In general, an 11 stone person walking at average speed (from 2 to 3½ miles per hour) can count on burning about 80 calories a mile. This amount increases with your weight, your speed, and the shortness of your legs (the number of steps you need to take). For example, a 14 stone person will burn about 30 per cent more calories than an 11 stone person, and so on.

So a brisk walk, covering 3½ miles in an hour, burns about 280 calories. When repeated each day, this excellent habit burns almost 4000 calories (more than a pound of body fat) every 2 weeks.

Okay, so this rate of weight-loss might seem like a long way from the "pound-a-day" claims of some crash diets. But when you combine walking with sensible eating habits, a balanced diet with moderate portion sizes and fewer fats and sweets, all this can soon translate into a better-toned and healthier body.

But here’s the thing… walking does more than just burn calories. It also burns fat (which is more important), meaning that weight loss in this moderate range (one or two pounds of body-fat a week) is easier to maintain. In contrast, higher weight-loss rates tend to involve losses of water and lean muscle, as well as body fat.

If you are out of shape or overweight, your goal in getting started should be to walk as far as you can for as long as you can. Don't worry about speed. You'll be able to burn more calories by keeping to a moderate pace, walking for a longer time and thus covering more distance.

Walking's weight-loss potential is just as flexible as you are. So as your fitness level increases, you can raise the intensity of your program to increase the number of calories you burn. For example, walking at a brisk pace of four or five miles per hour and vigorously pumping your arms (Power walking), or hiking with a backpack are just two of the possible options for boosting the intensity of your walking routine.

In fact, power-walking can actually burn more calories than can slow jogging. At high power-walking speeds (like six or seven miles per hour), your body yearns to break into a jog. Forcing yourself to continue walking by keeping at least one foot on the ground at all times takes more energy than jogging at the same speed.

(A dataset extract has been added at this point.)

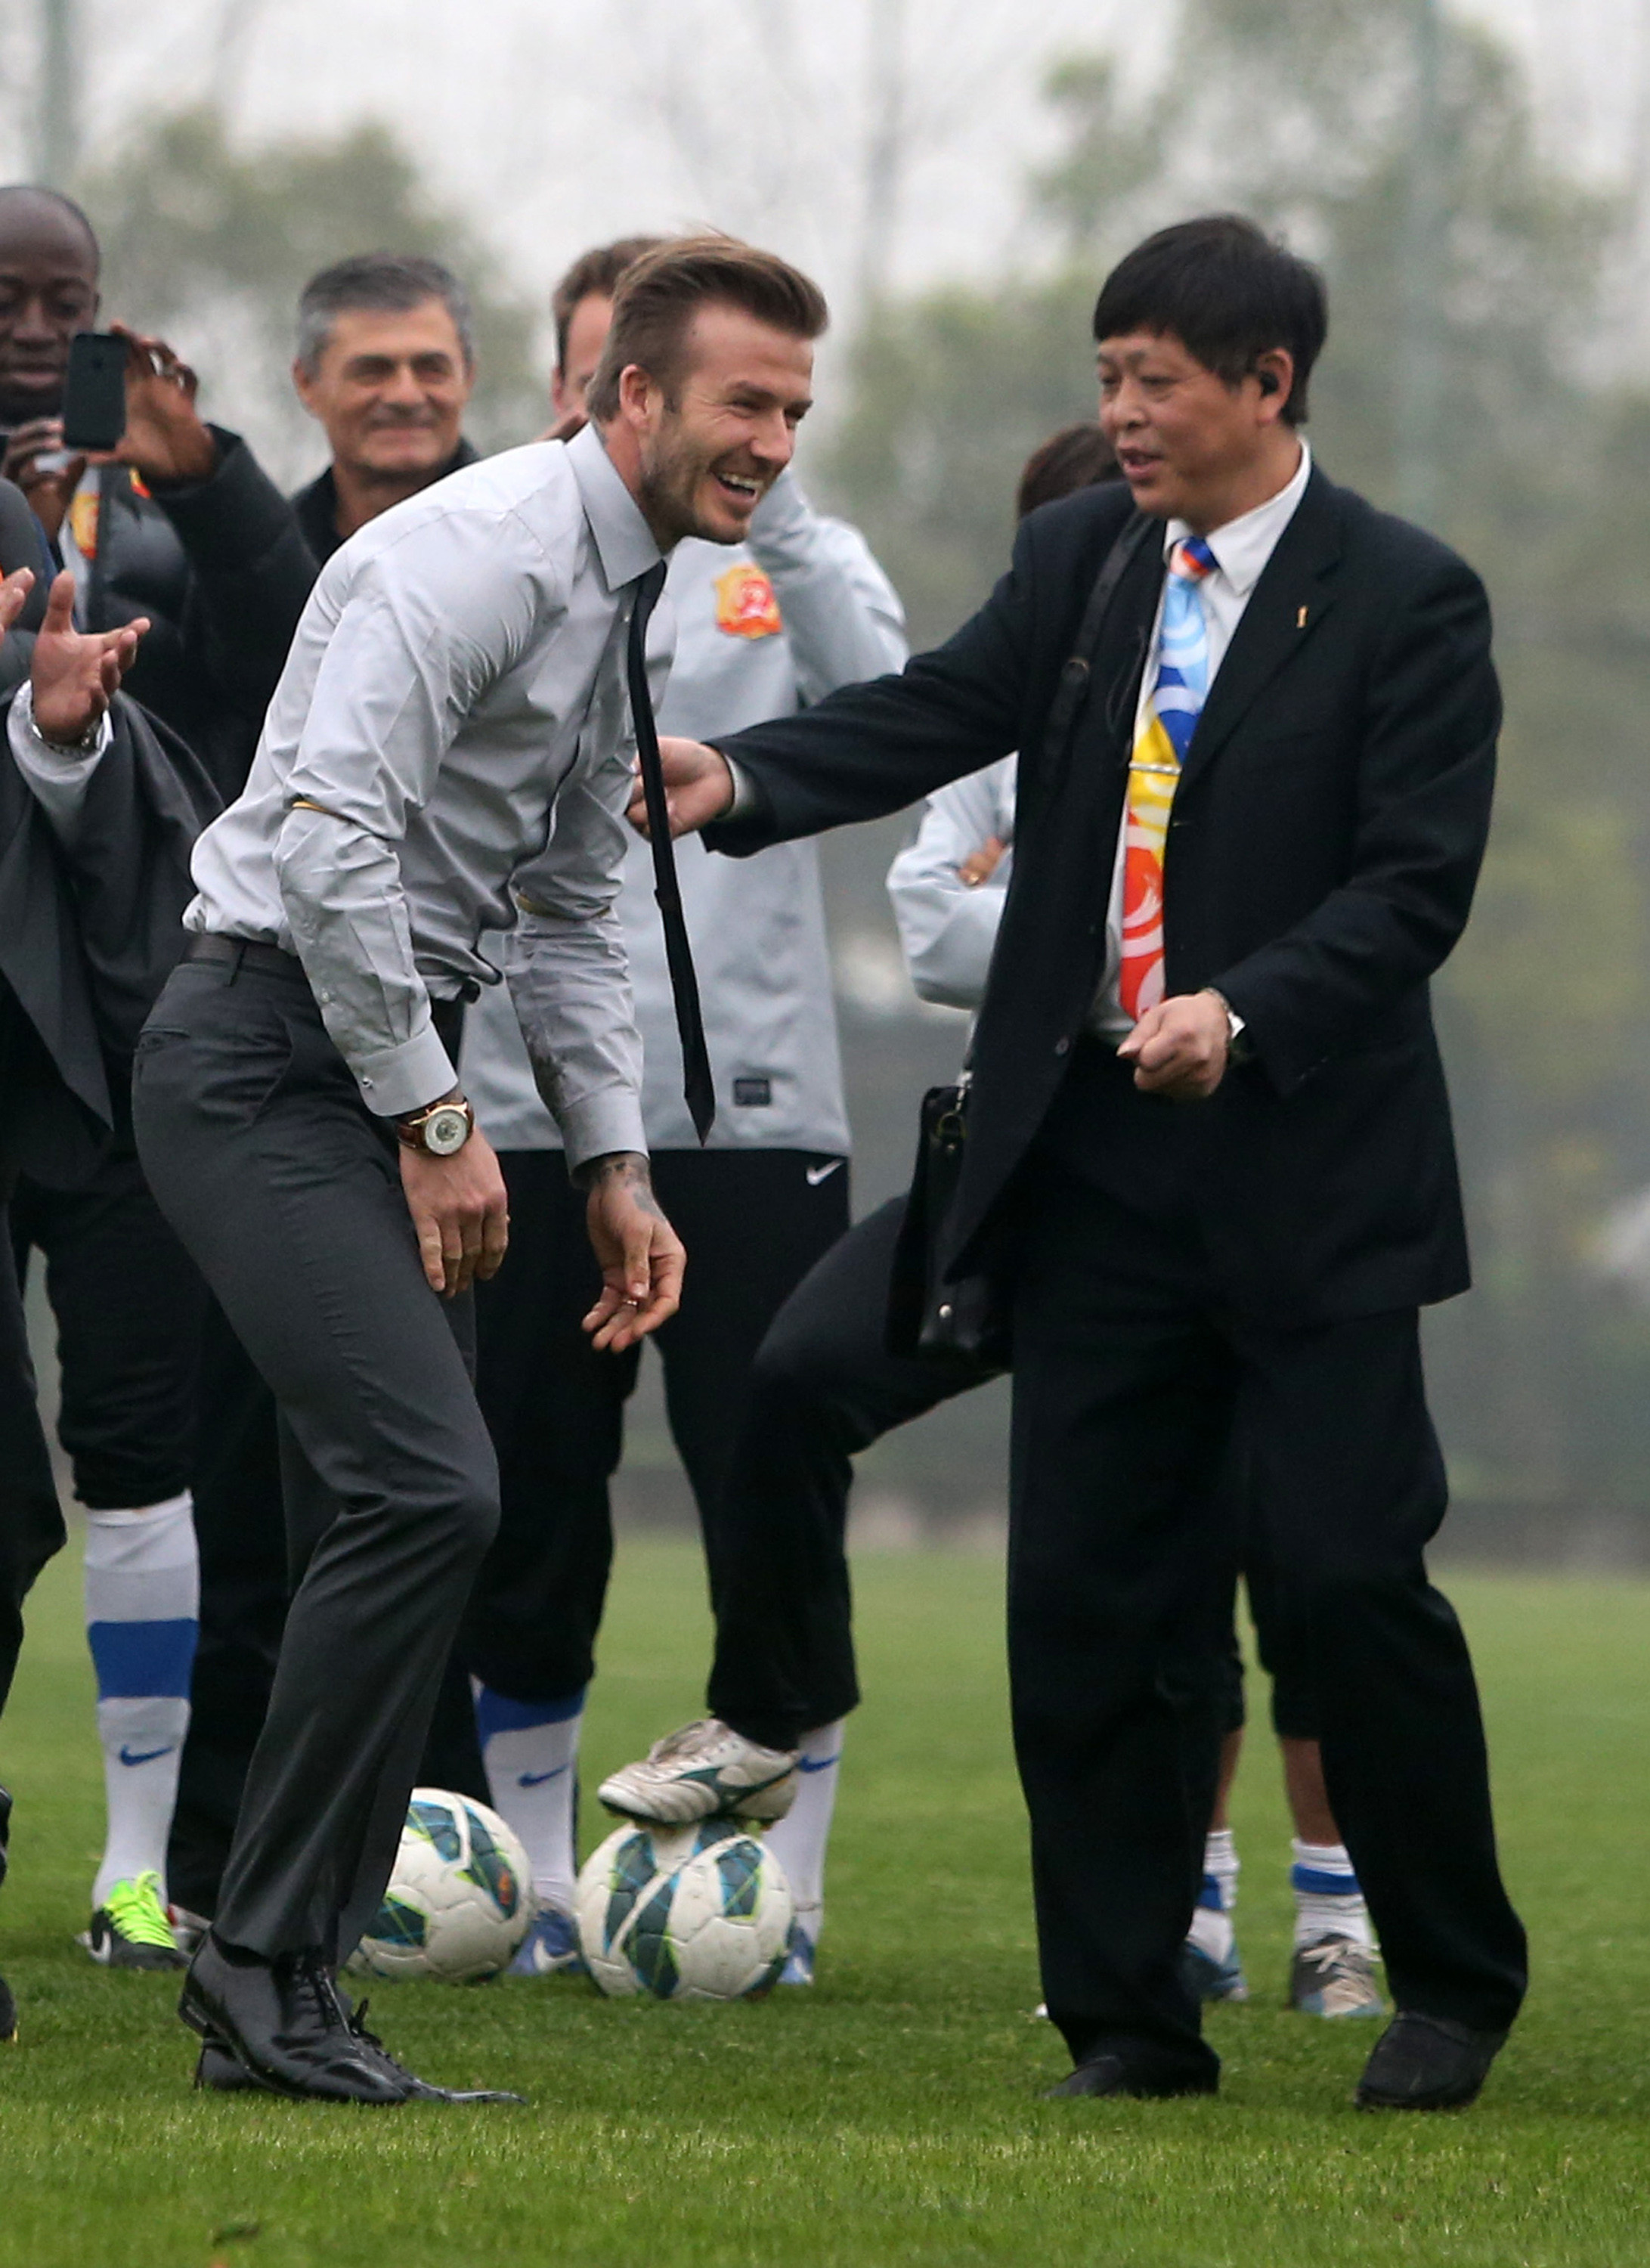 David Beckham Falls While Taking Free Kick In China, But He's A ...

There are also substantial weight-loss payoffs for tackling hilly terrain. Even at a slow pace, going uphill dramatically raises walking's calorie costs, compared with following the same pace on level ground. Surprisingly, even going downhill burns more calories than covering level ground, because it takes extra energy for the body to resist its natural tendency to travel down the hill too fast. Walking on sand or dirt, rather than rigid asphalt or concrete, can also boost your calorie burn.

The advantages of walking don't stop there, either. The warm glow you feel after exercising is a sign that your metabolism is still revved up. This slight increase in post-exercise metabolic rate means you're burning a few extra calories even while you're resting :-)

Next Time – Discover which foods can affect your metabolic rate the most..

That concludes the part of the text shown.